Dad, a legendary ladies’ man, looked at me as if, by asking the question, I’d openly betrayed him.

“Absolutely not,” he said.

I read later in a book about the Huston family that my brother Tony had walked in on Dad and Maricela in Morocco—as quoted, “wrapped around each other like pretzels”—but I never asked him about the matter. However, there is no doubt that Maricela had become Dad’s constant and intimate companion, his partner and confidante. After my conversation with Dad, I never needed or wanted to know the extent of their physical relationship.

When Cici told Dad that she wanted a divorce, he left for Xalapa, on the coast in Jalisco, Mexico, where he started a whole new chapter with Maricela. She was there for him and cared for him throughout the last twelve years of his life. Gladys moved to nearby Puerto Vallarta. I think Dad left Ireland, even though later he largely blamed Cici for the move, because his lungs couldn’t take the cold anymore; he needed warm weather. He knew that in order to extend his life, he’d have to change climate. Allegra continued to live at Cici’s.

*  *  *

Chinatown
had an impressive eleven Academy Award nominations. Its producer, Bob Evans, hosted a small party for the film at his house in Beverly Hills, with Cristal and beluga caviar. For the ceremony, I wore a Halston dress with transparent sequins over painted silk that looked like fish scales. Jack wore black tie, shades, and a black beret. Faye Dunaway was in a bat-wing satin dress with her husband, the musician Peter Wolf, also in a black beret, by her side. If memory serves me, Robert Towne, who wrote the movie, also wore the ubiquitous beret, as did Lou Adler, who brought Lauren Hutton, bronzed and resplendent in Halston rainbow chiffon. The costume designer Anthea Sylbert was elegant in black and white with pearls. There was an atmosphere of expectancy. We were very excited. Everyone was convinced the movie would win.

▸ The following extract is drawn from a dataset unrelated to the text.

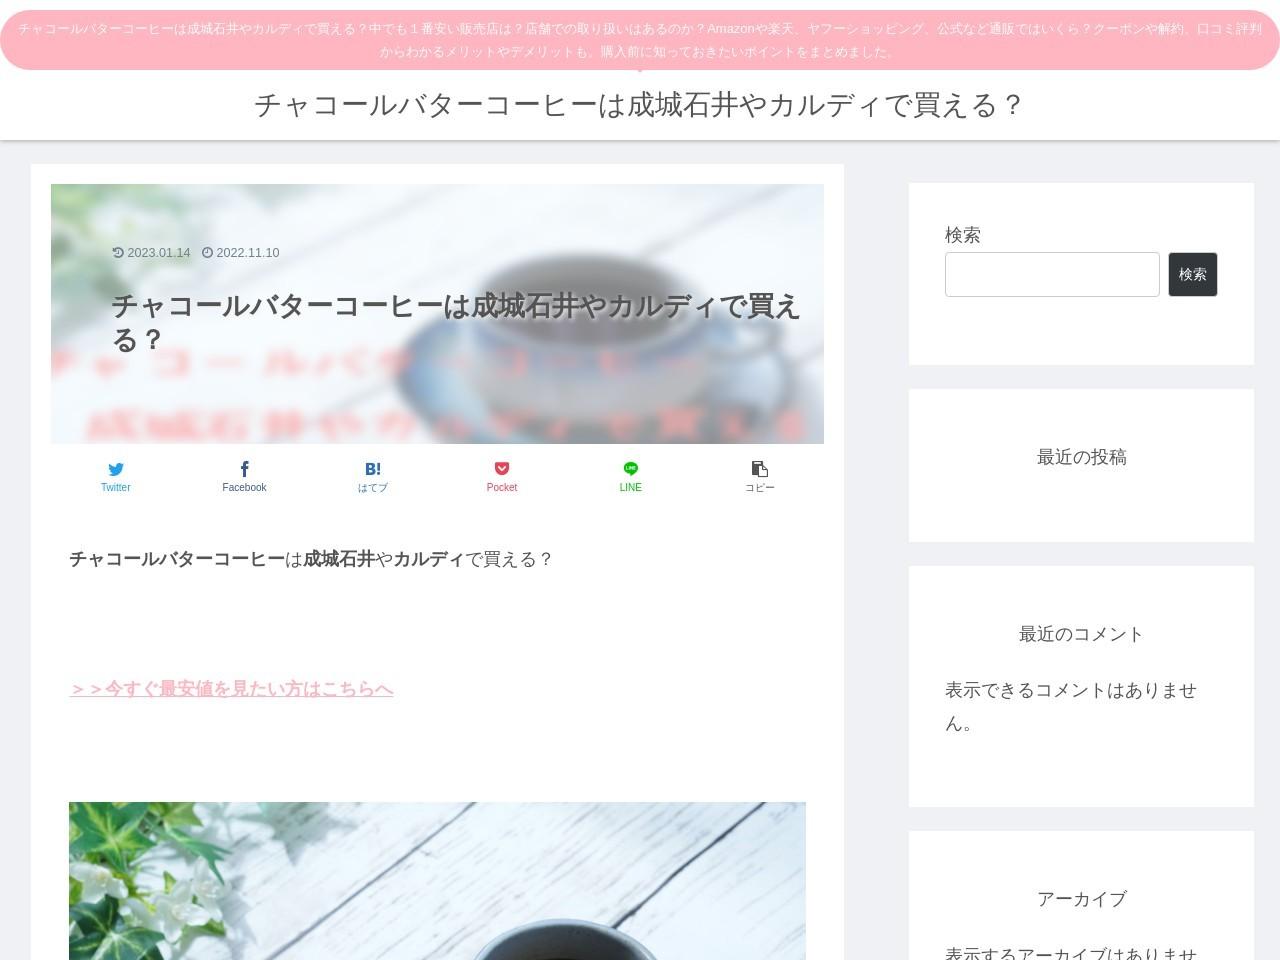 triangle-coffee.net -&nbspこのウェブサイトは販売用です! -&nbsp自家焙煎珈琲店 東京都東大和市 最高級珈琲 西武線沿線 珈琲 焙煎 自家 リソースおよび情報

It soon became evident that
Chinatown
was not doing well in competition.
Godfather II
won Best Picture, and Francis Coppola won for Best Director. Finally, the wind gone from our sails, we got into the car to leave the Dorothy Chandler Pavilion. Robert Towne was the lone member of the group holding a statue, for Best Original Screenplay. In the back of
the limousine, embarrassed, he jokingly pretended to hide it under the armrest, as if it were not the highest accolade his industry had to offer but, rather, an object of shame. Jack was philosophical and Evans despondent. The highlight of my evening was meeting Fred Astaire. The following day, Hal Ashby came by the house on Mulholland and very sweetly gifted Jack the Oscar he had won for directing
Harold and Maude.
Hal was aptly named: he was a prince.

*  *  *

The state of Montana stretched out under an endless expanse of blue—Big Sky Country. It was July 1975 and Jack was making
The Missouri Breaks
with Marlon Brando costarring, along with Jack’s traveling academy of favored actors, including Harry Dean Stanton, Freddie Forrest, Randy Quaid, and John Ryan; the film was produced by Elliott Kastner and directed by Arthur Penn. We were living in Billings, not a large town, so it was easy to maneuver my big rented Ford truck. I loved driving it, dressed up like a cowgirl, listening to Waylon Jennings on the radio.

Joan had left her job at
Women’s Wear Daily
in Italy, had broken up with her boyfriend, and was looking for a new life when I sent her a postcard: “Come west, rest.” She flew with me up to Montana from L.A. and we brought Allegra. Jack’s daughter Jennifer was also there, so we were a happy little clan. Jack was renting a bungalow belonging to a Mr. Ikkes. Upon arrival, I found some love notes from a girl saying how much she missed Jack and how tender their lovemaking had been and how she couldn’t wait to hear from him again. I was in floods of tears when I confronted him, but he told me a wild story about how they were really letters meant for Harry Dean, who had been impersonating him. For a sophisticated
girl, I could be tragically gullible—maybe that’s why acting has always appealed to me; if I want to, I can believe almost anything. I must have wanted desperately to buy this story, because it was so clearly far-fetched.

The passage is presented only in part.